(Dataset excerpts)

##############################

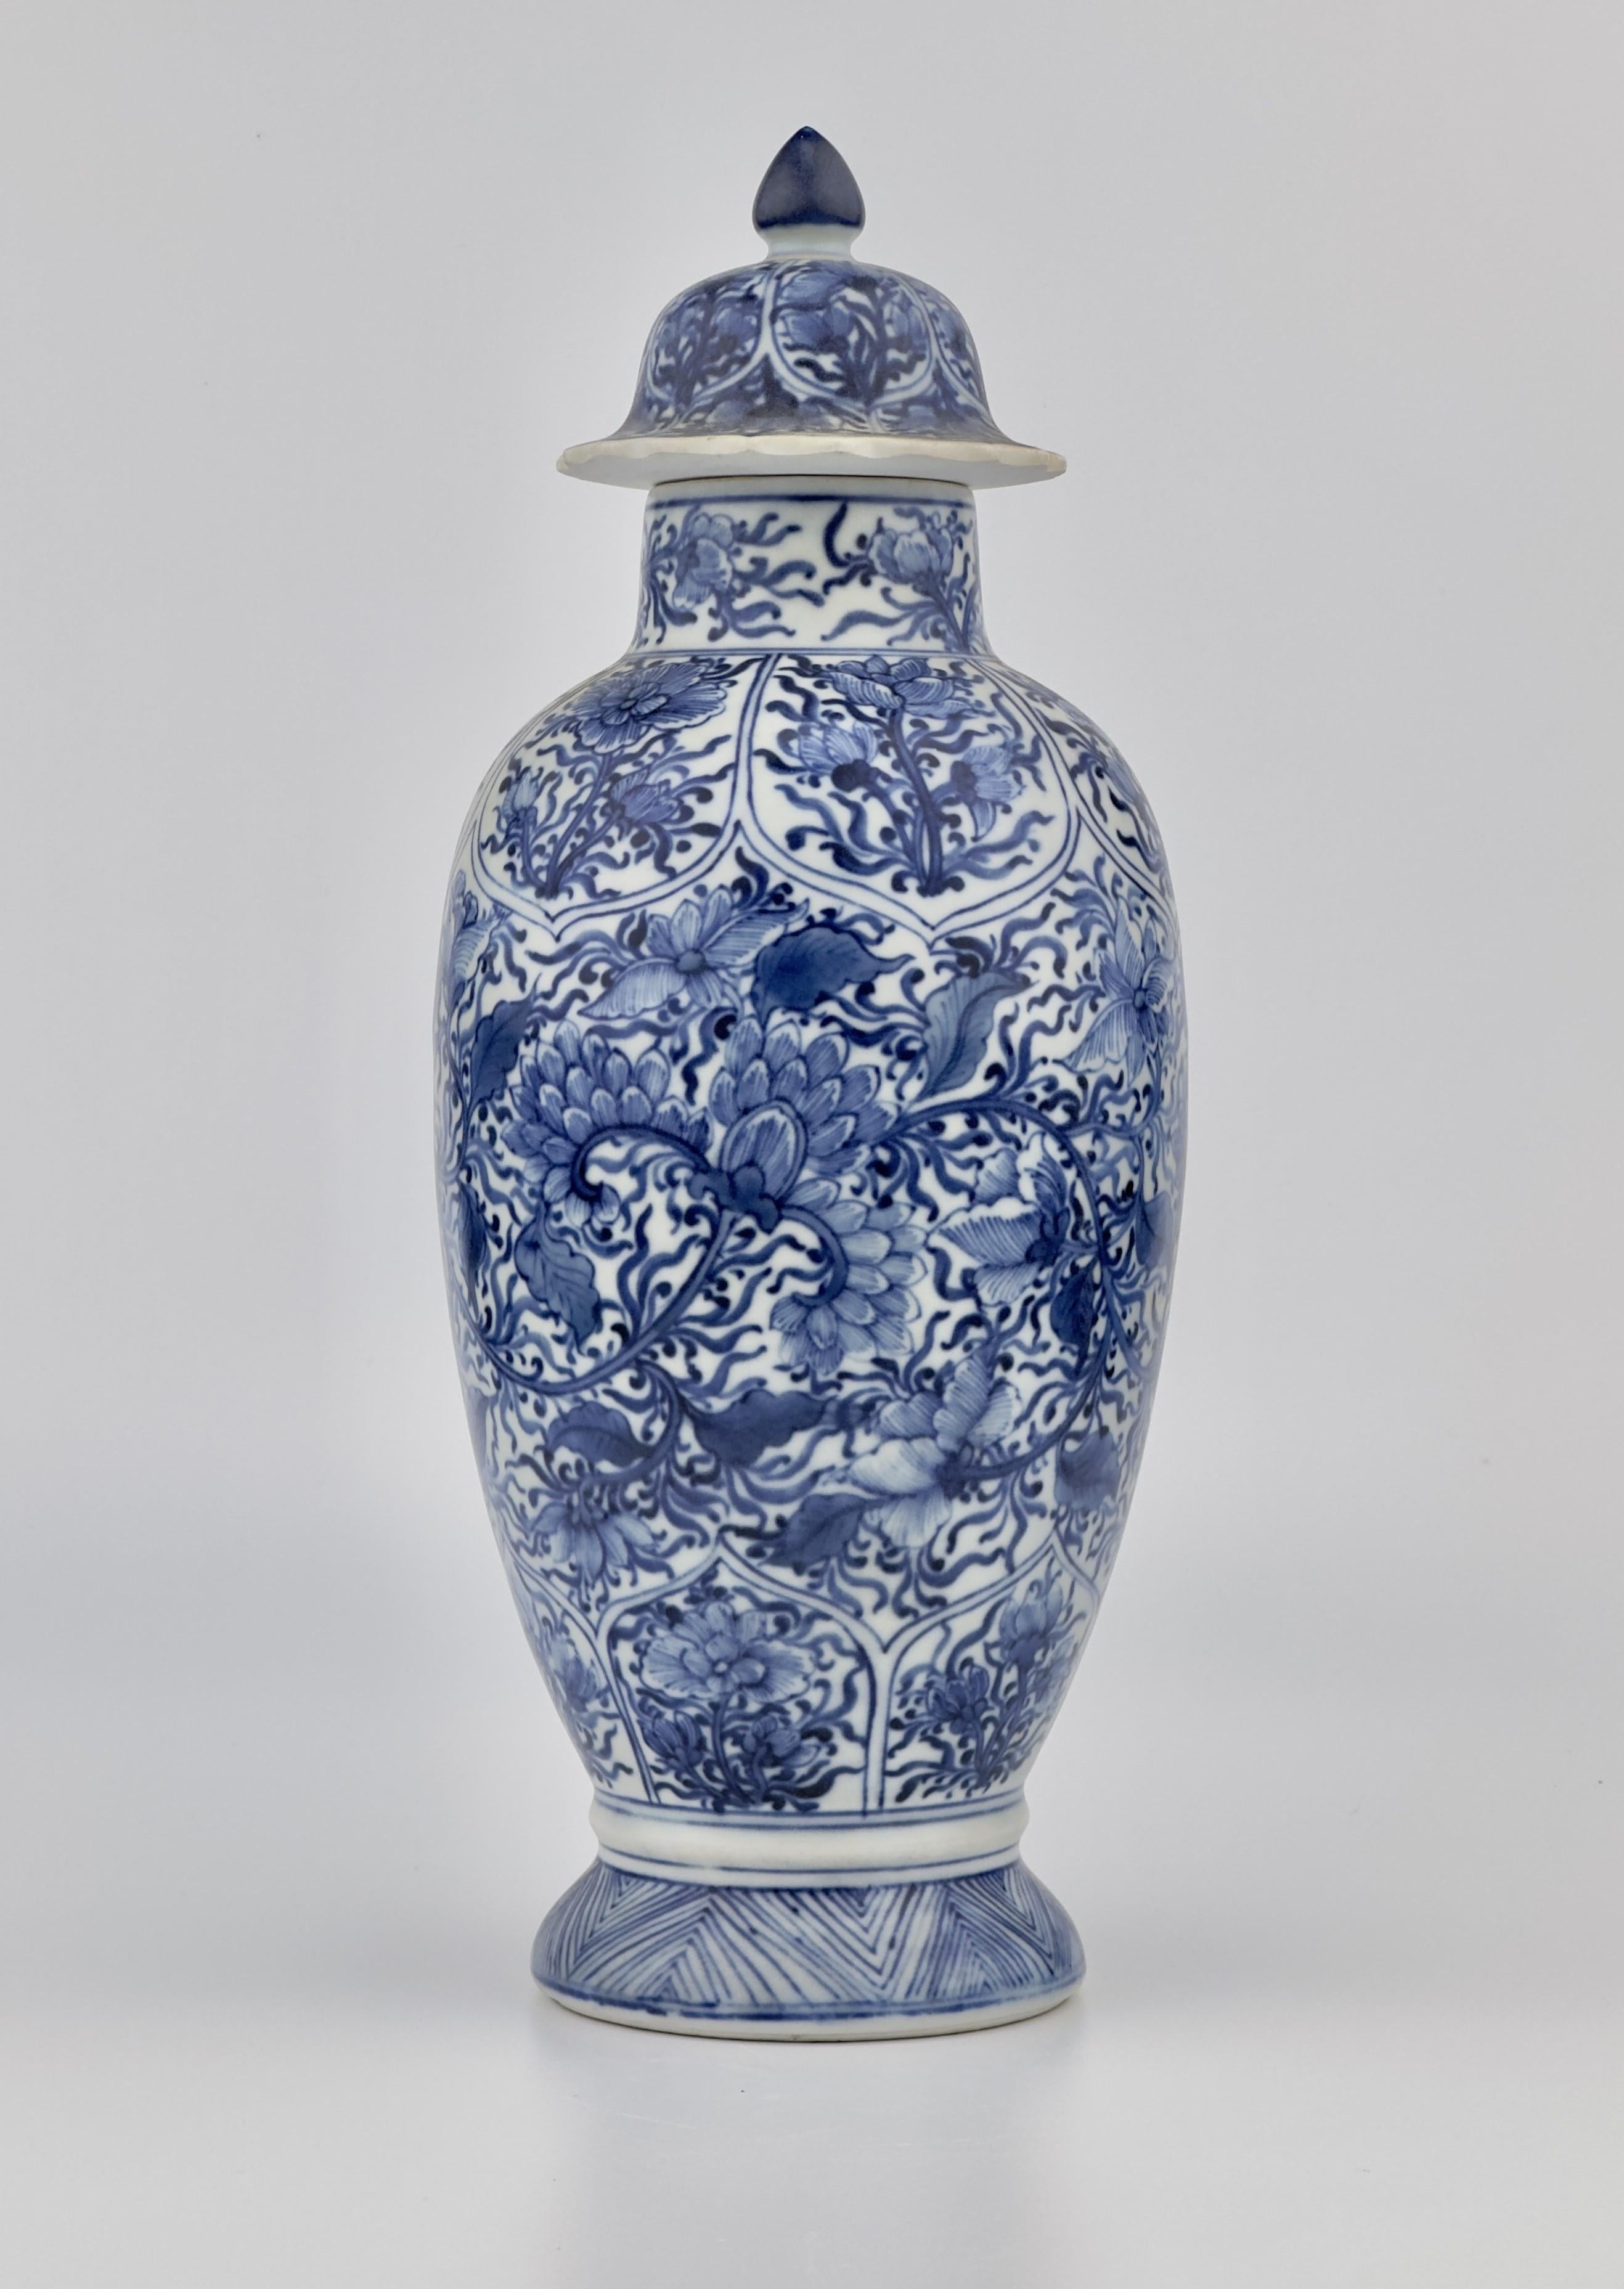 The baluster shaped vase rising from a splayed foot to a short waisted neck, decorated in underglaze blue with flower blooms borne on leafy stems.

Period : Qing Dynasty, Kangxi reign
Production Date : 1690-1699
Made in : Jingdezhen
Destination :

##############################

> **TASK REQUIREMENTS**
Leave the pictures out and print every record exactly.

> **RESPONSE BELOW**
 The baluster shaped vase rising from a splayed foot to a short waisted neck, decorated in underglaze blue with flower blooms borne on leafy stems.

Period : Qing Dynasty, Kangxi reign
Production Date : 1690-1699
Made in : Jingdezhen
Destination :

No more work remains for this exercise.